▶ TASK DESCRIPTION
Copy the material below verbatim from the line with "Disguise Boys' Deluxe" to the line with "Papers Past, Newspapers, Feilding", both lines included, omitting pictures and every line outside that range.

====== DATASET

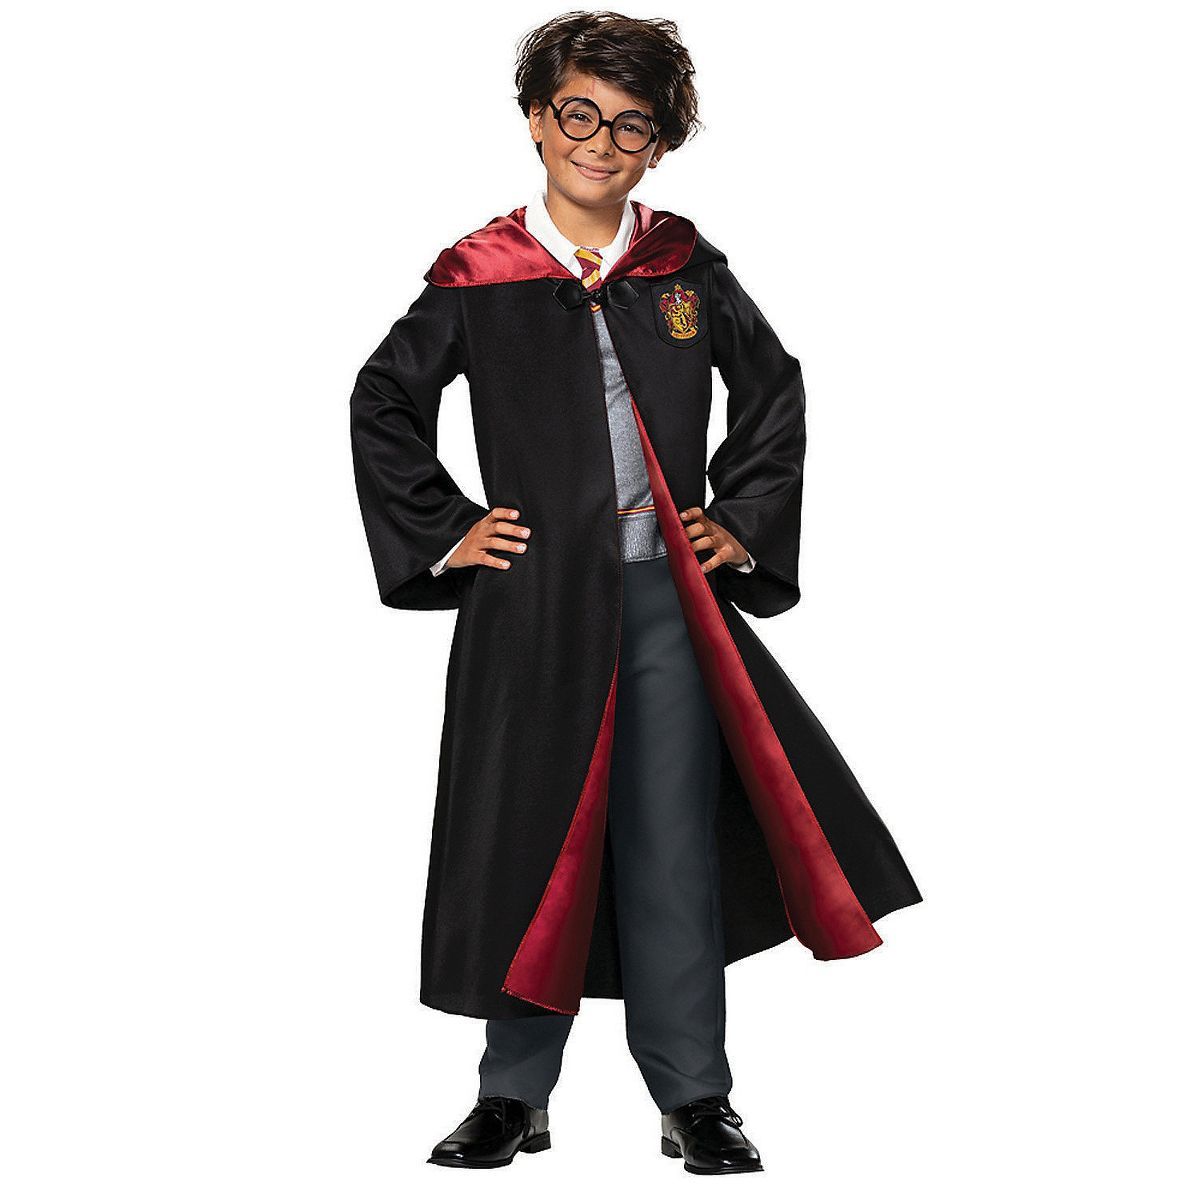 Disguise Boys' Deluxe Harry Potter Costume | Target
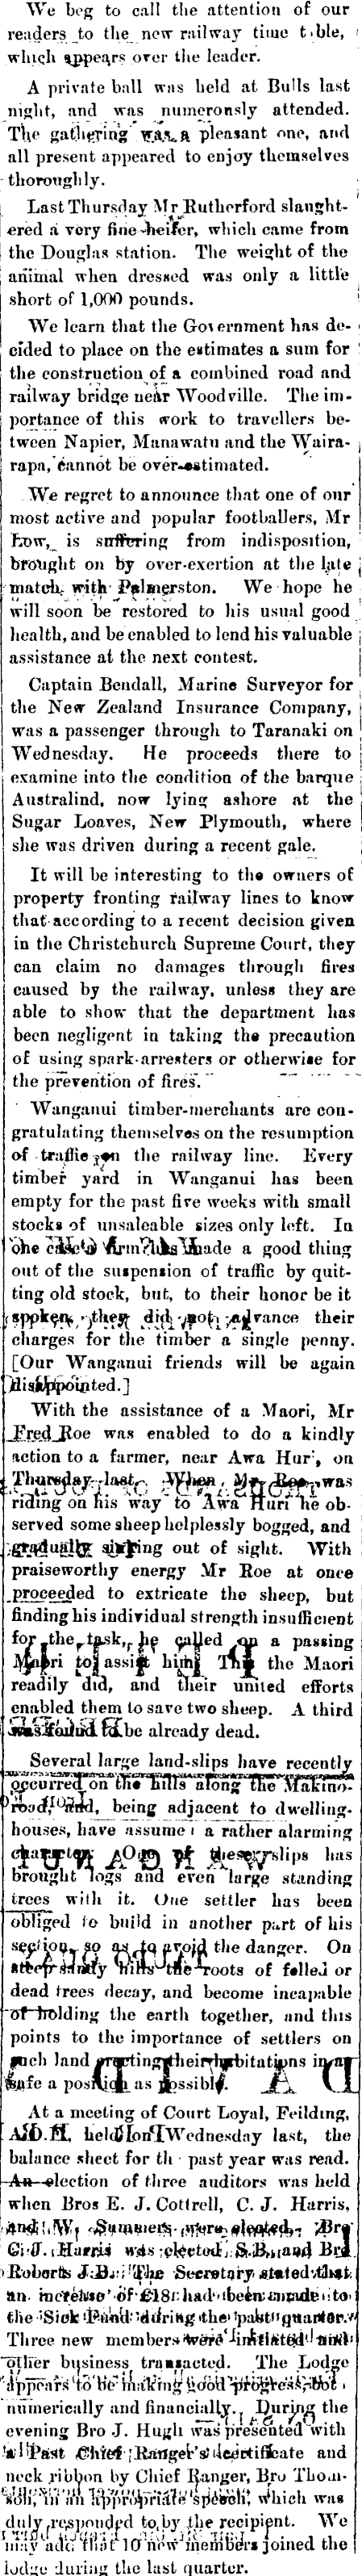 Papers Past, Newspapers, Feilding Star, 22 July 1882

============
====== DATASET

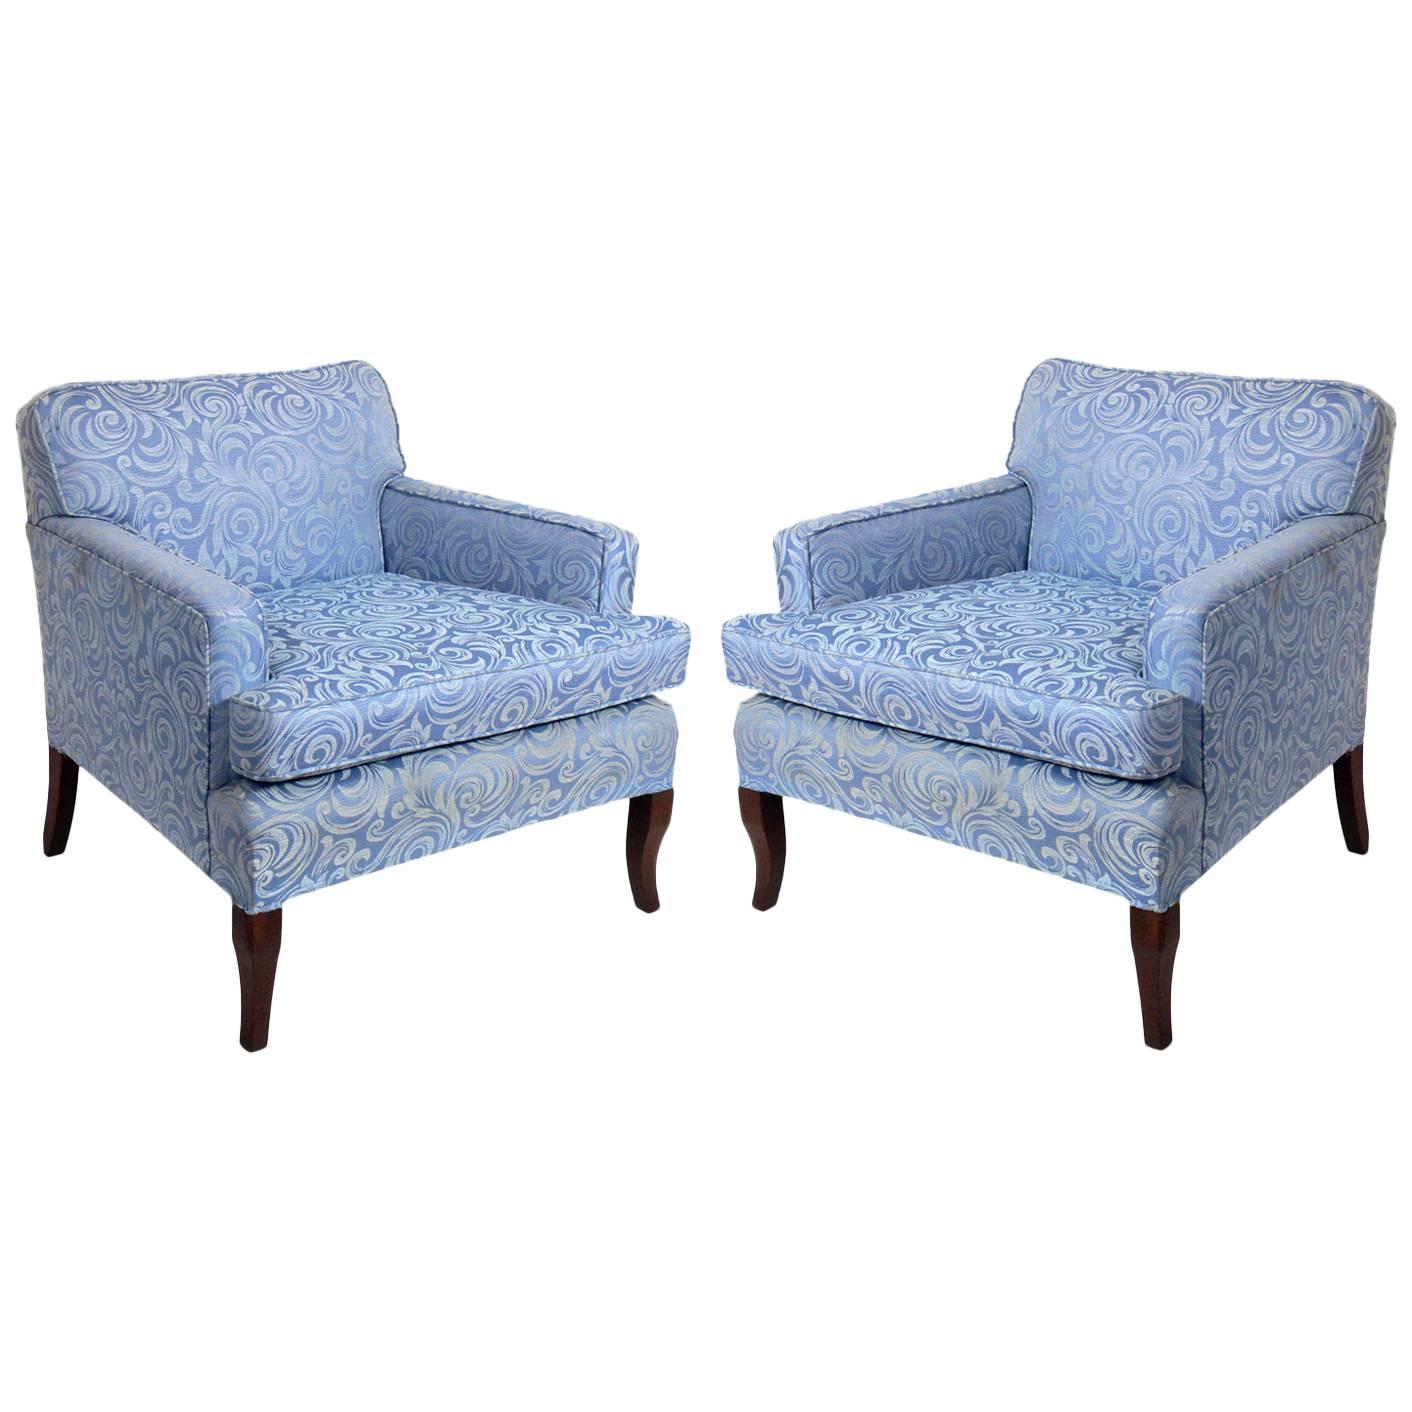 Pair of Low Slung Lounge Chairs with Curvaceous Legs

============
====== DATASET

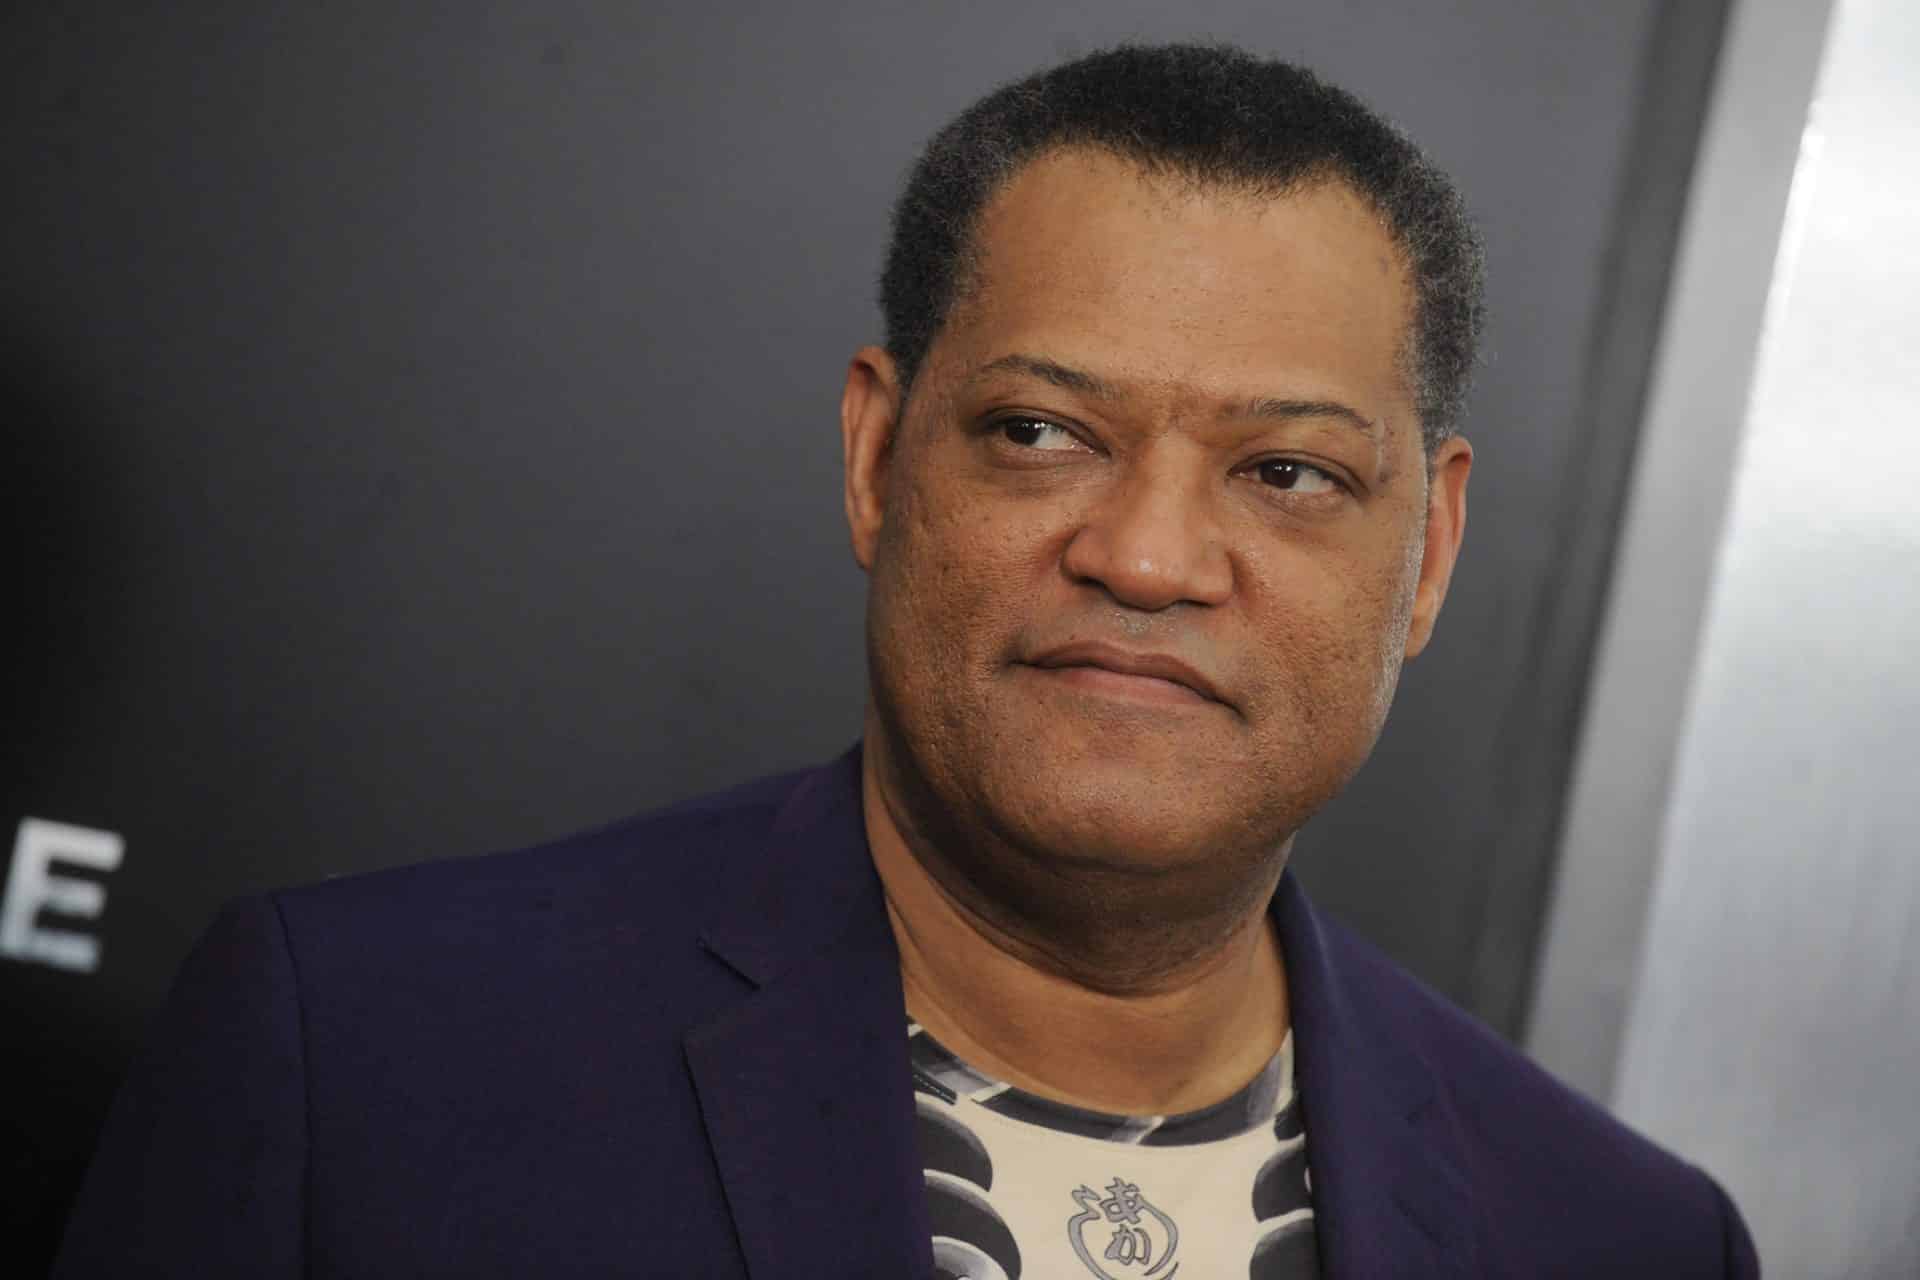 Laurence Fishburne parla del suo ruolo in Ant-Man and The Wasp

============

▶ FINISHED EXERCISE
 Disguise Boys' Deluxe Harry Potter Costume | Target
 Papers Past, Newspapers, Feilding Star, 22 July 1882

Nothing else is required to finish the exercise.